Real photographers shoot on glass plates coated with emulsion they have mixed themselves. 

 "If it ain't wet plate, you're a lazy pretender."


----------



## photoflyer (Feb 10, 2020)

ac12 said:


> The neat thing about what @Derrel said, is with IBIS, you can stabilize OLD lenses.



This is what I have been thinking.  All of my lenses except the 50 1.8 and 85 1.8 have IS.  The 300 F 4 L has early generation IS and the new Tamron super zoom 18-400 has IS but it is not very good.  I will hold off a while before getting a new body but when I do I will get one with IBIS.  Perhaps this will get a little more performance out of these lenses. 

Having said that, were I making a buying decision today and all my lenses already had IS I would purchase a body without IBIS unless the added cost was inconsequential.


----------



## ac12 (Feb 10, 2020)

photoflyer said:


> ac12 said:
> 
> 
> > The neat thing about what @Derrel said, is with IBIS, you can stabilize OLD lenses.
> ...



Depending on the system, you do not have a choice.  You are stuck with whatever the manufacturer has decided upon.

If Canon dSLR, they do not have IBIS.
If Canon mirrorless, the APS-C M50 and FF R do not have IBIS.
Future generation may have IBIS.


If Nikon dSLR, they do not have IBIS.

If Nikon mirrorless FX, the Z6 and Z7 both have IBIS.
If Nikon mirroless DX, the Z50 does not have IBIS.
Future generation my have IBIS.


Olympus m4/3, all cameras have IBIS.
At present, only TWO lenses have OIS.


Panasonic m4/3, some cameras have IBIS and some do not.
So *Panasonic is the only manufacturer, that I know of, where you have the choice of IBIS or no IBIS in the camera*.

I have no knowledge of Sony or Fuji gear.
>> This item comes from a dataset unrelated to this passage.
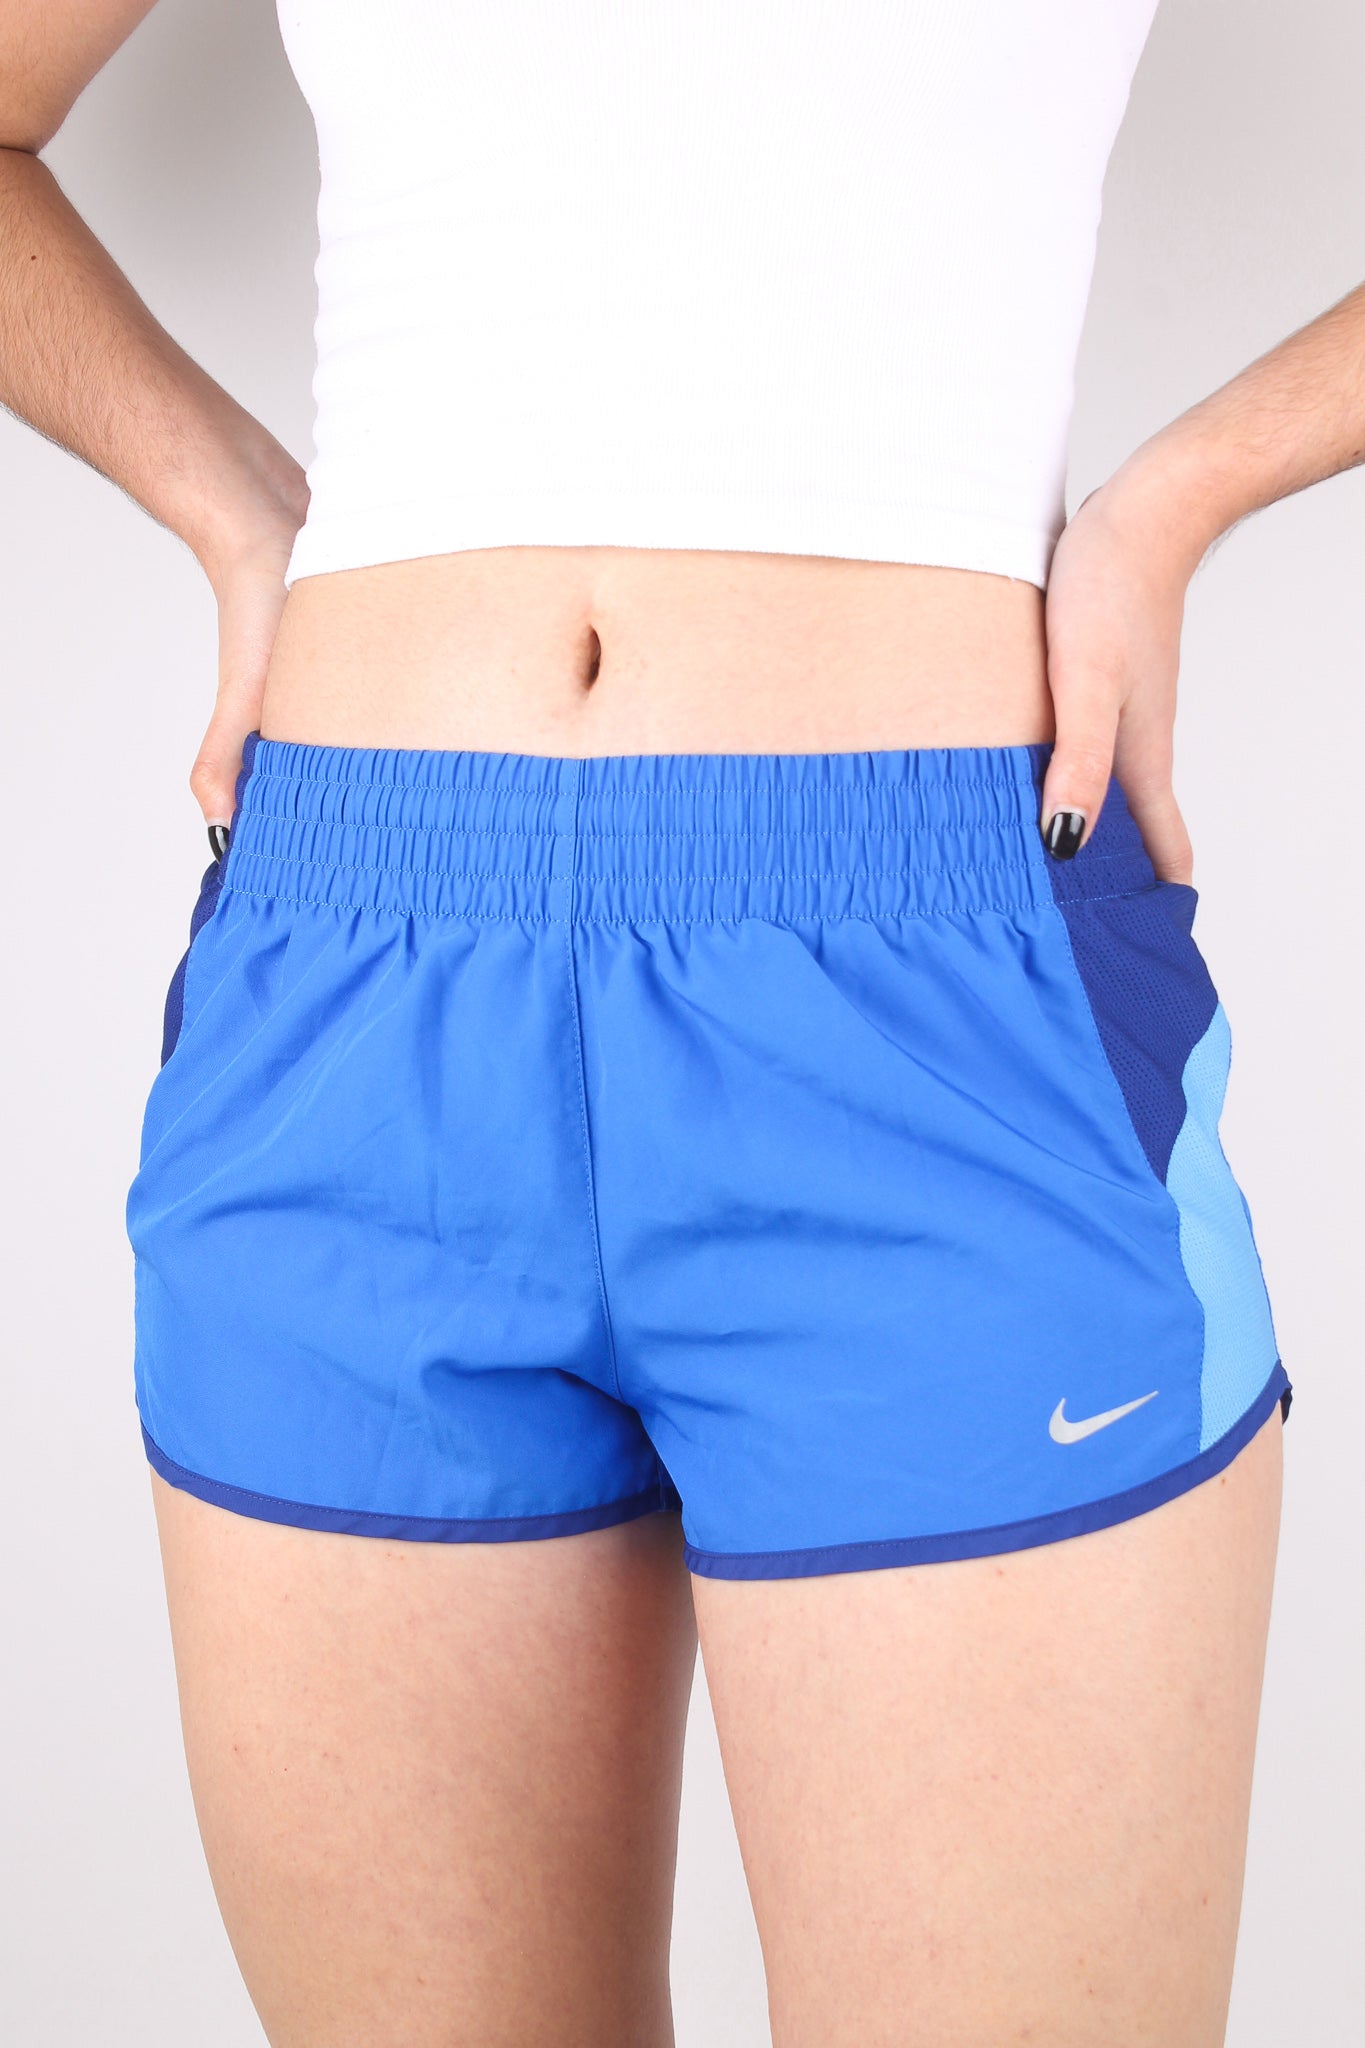 NIKE - Shorts Azules

_You mention a 300/4 L, so I presume you have Canon gear.  If so, at the present, none of the Canon dSLR or mirrorless cameras, that I know of, have IBIS.  So you have to wait to see if Canon puts IBIS in a future generation of cameras.
_
Note, some legacy dSLR lenses can be used on other manufacturer's mirrorless cameras.
*However, it is not as universal as some say it is.*  Example:
I think Canon EF lenses will autofocus on an Olympus camera.  
But a Nikon lens will NOT communicate with an Olympus camera.  
So, No autofocus, No aperture control from the camera, No IS/VR, No auto open aperture.  
It is auto-NOTHING, full manual.  You effectively have a 1950s era manual lens.​So cross-manufacturer compatibility is on a brand by brand basis, for each brand combination.


----------



## Solarflare (Feb 11, 2020)

Derrel said:


> Real photographers shoot on glass plates coated with emulsion they have mixed themselves.
> 
> "If it ain't wet plate, you're a lazy pretender."



I've already mentioned a huge heap of reasons why IBIS is a bad idea.
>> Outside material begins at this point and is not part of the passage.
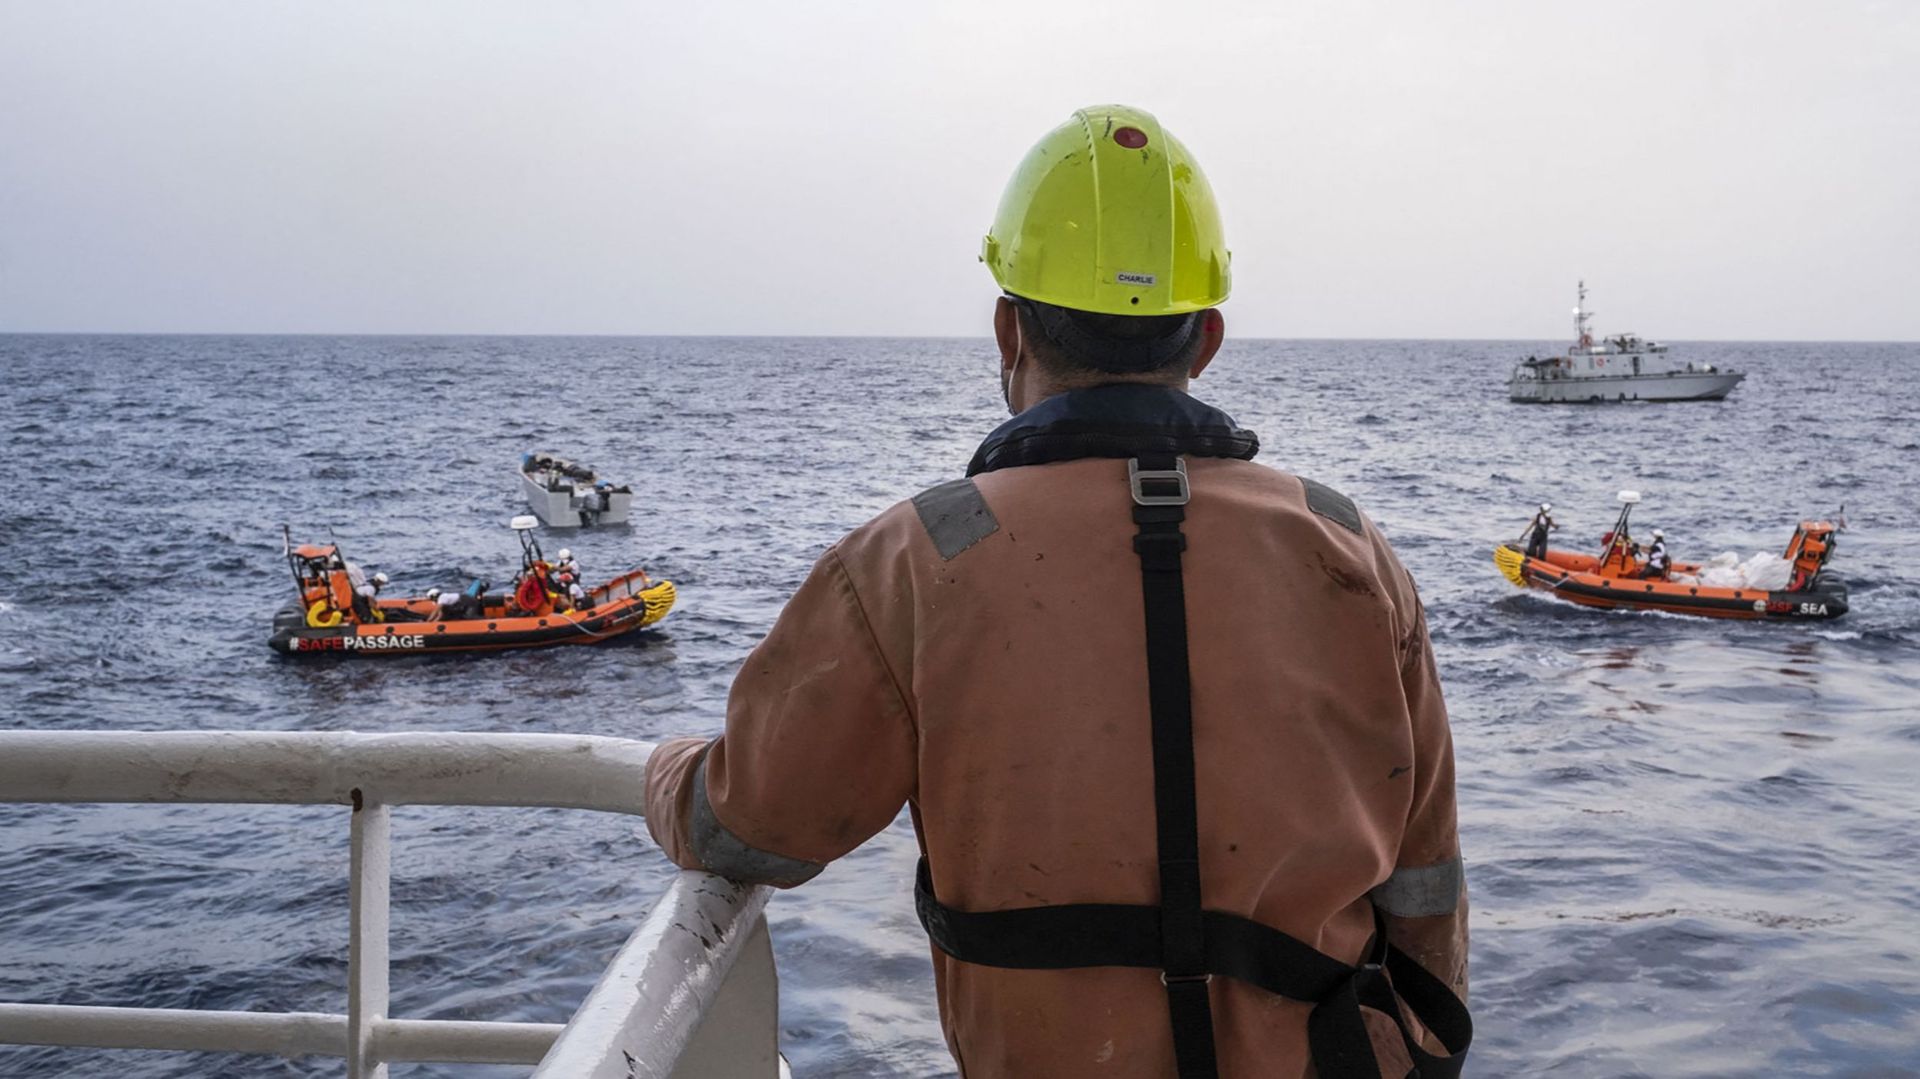 Cette photo publiée le 17 novembre 2021 par Médecins Sans Frontières (MSF) montre des membres de l'équipage du Geo Barents participant à une opération de recherche et de sauvetage de migrants à environ 30 miles des côtes libyennes.

Your response is a joke that ignores all my arguments.

You might be a real photographer you talk about there - but you're clearly piss poor when it comes to discussing things.


----------



## petrochemist (Feb 11, 2020)

David Kay said:


> I am newer to digital photography, so I would appreciate your patience with me and my questions. My hands shake a little bit when holding objects.  I am wondering if, considering my situation, I should rule out the x-T30, even if I use it with Fuji Lenses with Image Stabilization built into them.  Is that enough for me or do you feel I really must have a camera with it also built into the camera itself? For me and my slight shake, is in in-camera image stabilization, nice to have or a must have?   I can currently afford the X-T30 and would like to get it, but if you advise me that, because of my minor shaking, I really should wait until I can afford the likes of the X-T4, that would be good to know.  Thank you, in advance for sharing your time and expertise.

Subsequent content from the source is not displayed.